The only thing that's weird is that on the "All" tab, it shows all the results, then it shows the results for the different templates below separated by template, so each result shows up twice.

Not seeing that on my end yet. Could you post the code you're using to generate this list, and perhaps a screenshot or list of settings you're using?

Link to comment
Share on other sites

<?php

$searchEngine = $modules->get('SearchEngine');

echo $searchEngine->renderStyles();
echo $searchEngine->renderScripts();

$findOptions = [
    'group_by' => 'template'
];

$renderOptions = [
    'results_grouped' => 'template.label'
];

$query = $searchEngine->find($input->get->q, $findOptions);

echo $searchEngine->renderResults($renderOptions, $query);
{"SearchEngine":{"version":"0.29.2","settings":{"indexed_fields":["title","summary","body"],"indexed_templates":["basic-page","home","license","licenses"],"find_args__sort":"sort","find_args__operator":"~=","index_pages_now_selector":"has_parent=1","index_field":"search_index","override_compatible_fieldtypes":"","compatible_fieldtypes":["FieldtypeEmail","FieldtypeFieldsetPage","FieldtypeDatetime","FieldtypeText","FieldtypeTextLanguage","FieldtypeTextarea","FieldtypeTextareaLanguage","FieldtypePageTitle","FieldtypePageTitleLanguage","FieldtypeCheckbox","FieldtypeInteger","FieldtypeFloat","FieldtypeURL","FieldtypeModule","FieldtypeFile","FieldtypeImage","FieldtypeSelector","FieldtypeOptions","FieldtypeRepeater","FieldtypeRepeaterMatrix","FieldtypePageTable","FieldtypePage","FieldtypeTable","FieldtypeTextareas"],"indexer_actions":[],"render_args__themes_directory":"","debugger_page":0,"debugger_query":"","debugger_query_args":"{}","uninstall":"","submit_save_module":"Submit"}}}

 

  • Like 1
Link to comment
Share on other sites

Thanks, @adrian!
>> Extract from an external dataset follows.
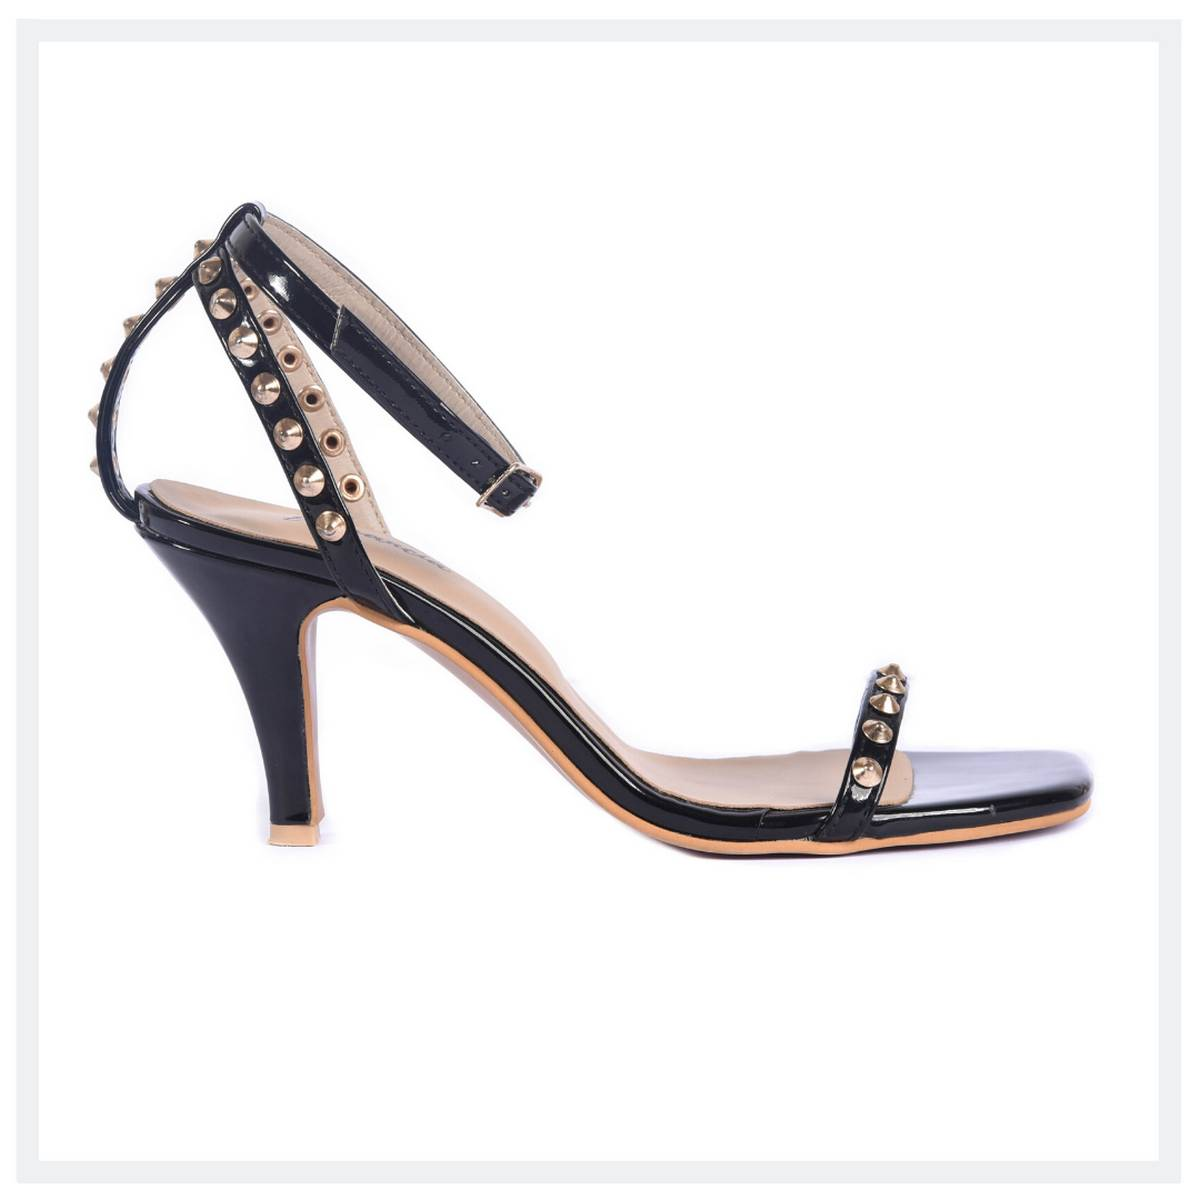 SANTORINI  Women's High Heel Sandals  Black  Elegancia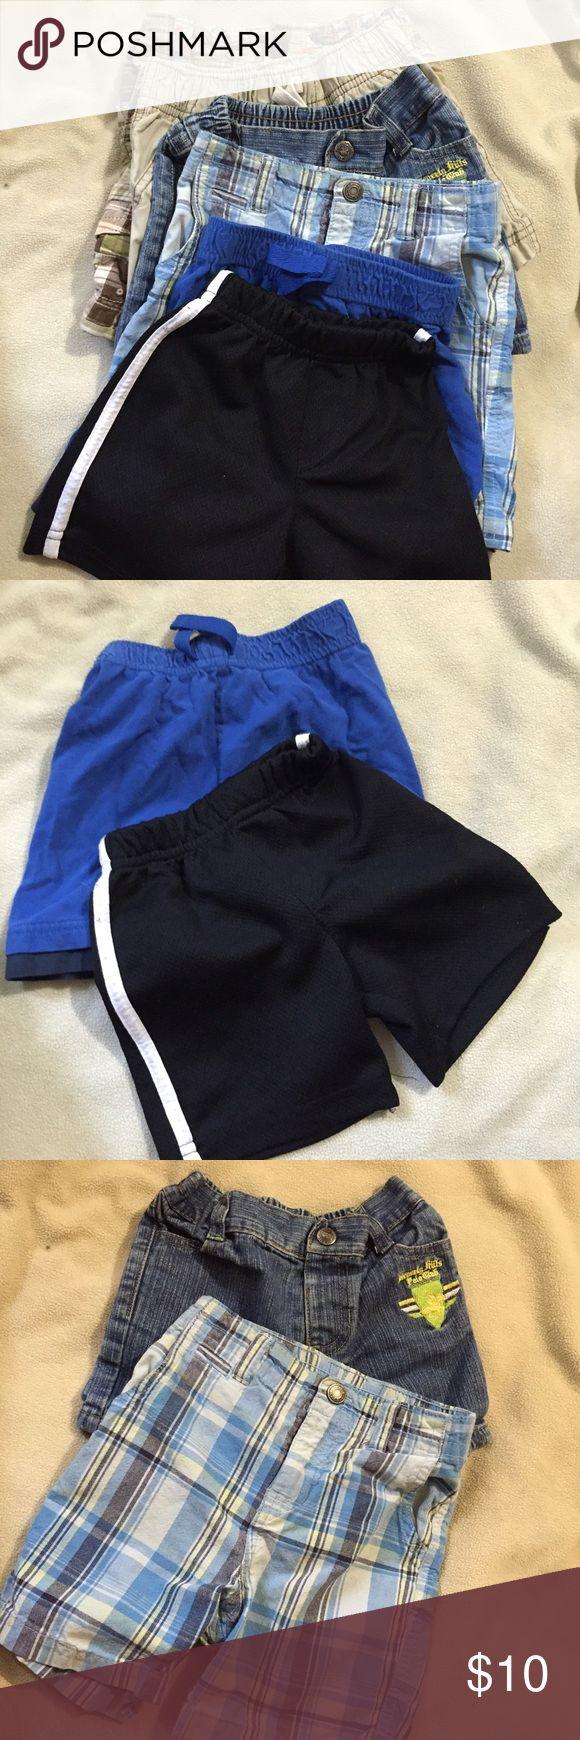 6--2t short bundle Black/white 2t gym shorts, Garanumals blue 24 mo shorts, Carters blue/green 24 mo shorts, Beverly Polo 6-9 mo blue shorts (fits 2t), Carters khaki 2t shorts, and Old Navy khaki with palms 2t shorts Carter's Bottoms Shorts

I was able to reproduce the issue and it should now be fixed in 0.29.4. Meanwhile 0.29.3 fixed those Debugger issues you mentioned earlier, and also a minor layout glitch related to grouping results list items ?

  • Like 1
Link to comment
Share on other sites

Thanks @teppo - everything looks great now.

Now I guess I need to figure out if there is any advantage to using the inbuilt grouping vs my approach. Obviously it handles all indexed templates automatically, but then mine gives the flexibility to include the results from some templates under "All", but not have a dedicated tab for them which can be handy in some cases.

My question for you then, is there any performance gain in using the inbuilt grouping? I haven't explored the code, but my instinct is that you're not really doing anything different to me, except for the big convenience factor of having this work so easily.

  • Like 1
Link to comment
Share on other sites

9 hours ago, adrian said:

mine gives the flexibility to include the results from some templates under "All", but not have a dedicated tab for them which can be handy in some cases.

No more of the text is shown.